1. "All financial series belong to the so-called time series, in which the order of values is important." - nobody denies this and this order is not violated, even though it is a time series. You, having trained the model on the prices P1, P2, P3...Pn, do not change their order when testing on Out Of Samples or in real use.
2. I agree with you on one thing: if the input is 100% rubbish predictors, we get 100% rubbish in the output. This is obvious and no one is arguing with it. All I am saying is that there are algorithms where it doesn't matter to cull the data, because they give good results on Out Of Samples with any amount of rubbish data other than 100%, because rubbish data is not used de facto. It is also important here to distinguish between algorithms for which data dimensionality reduction is critical, such as with principal component analysis or autoencoders, and algorithms that are insensitive to data dimensionality.
"In the stock market, research on the relationship between economic causes and direction of movement is common, but none of this applies to intraday intervals." - Well, it does, and it does apply to intraday intervals, such as the release of Non-Farm Payrolls.

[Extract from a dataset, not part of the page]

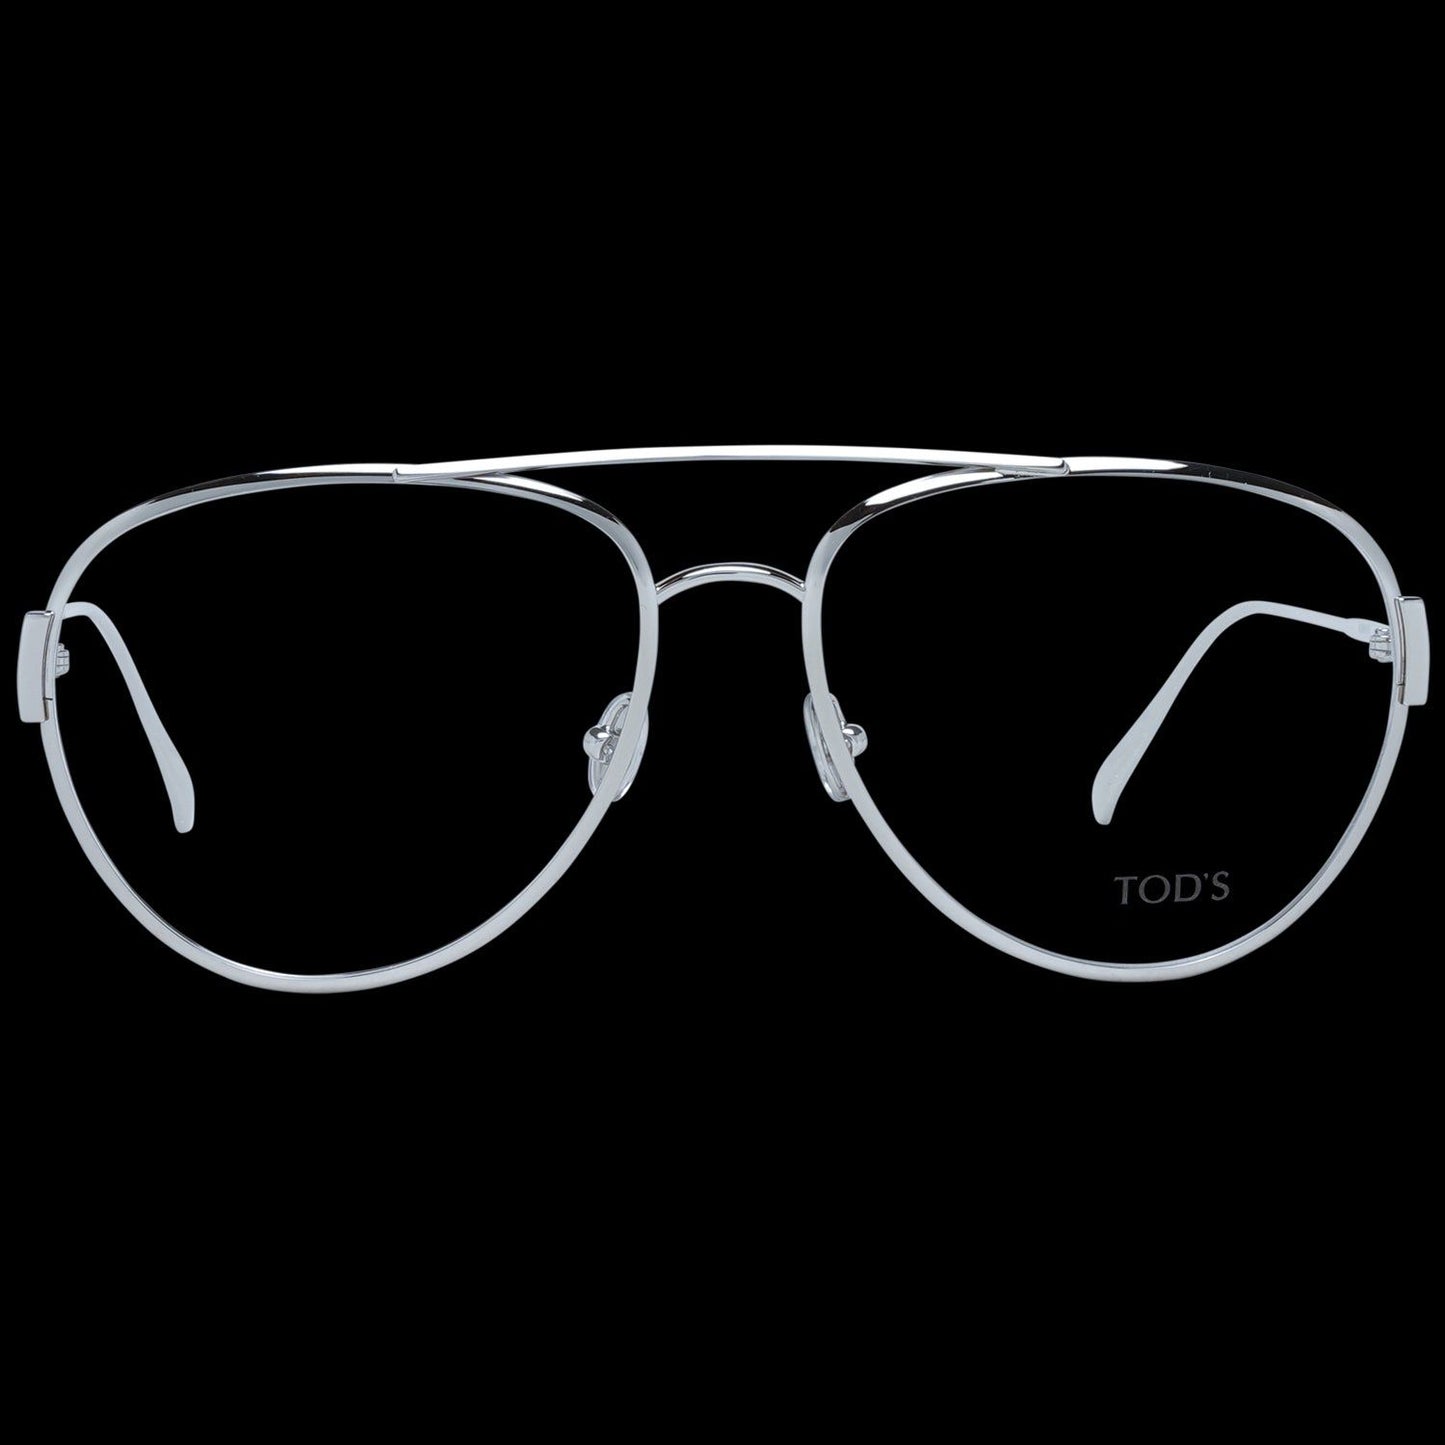 TODS FRAME TODS MOD. TO5280 56016 SUNGLASSES & EYEWEAR tods-mod-to5280-56016

3. of course I understand you, everyone earns as he can, but have you ever implemented any machine learning algorithms yourself? I am convinced that in order to understand how an algorithm works, you need to write it yourself from scratch. Believe me, in this case you will discover things that are not written about in books. And even seemingly obvious elements that seemed easy before, actually work differently than you thought:) Regards.

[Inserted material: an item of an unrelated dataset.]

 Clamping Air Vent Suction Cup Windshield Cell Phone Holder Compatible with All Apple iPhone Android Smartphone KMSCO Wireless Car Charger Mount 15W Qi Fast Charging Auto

In addition, when building machine learning models on intraday intervals, formal, mathematical values such as indicators are used. And as it turns out, it is very easy to include various kinds of rubbish in the model and the rule "rubbish in - rubbish out" starts to work.
....
3. of course I understand you, everyone earns as he knows how, but have you ever implemented any machine learning algorithms yourself? I am convinced that in order to understand how an algorithm works, you need to write it yourself from scratch. Believe me, in this case you will discover things that are not written about in books. And even seemingly obvious elements that seemed easy before, actually work differently than you thought:) Respectfully.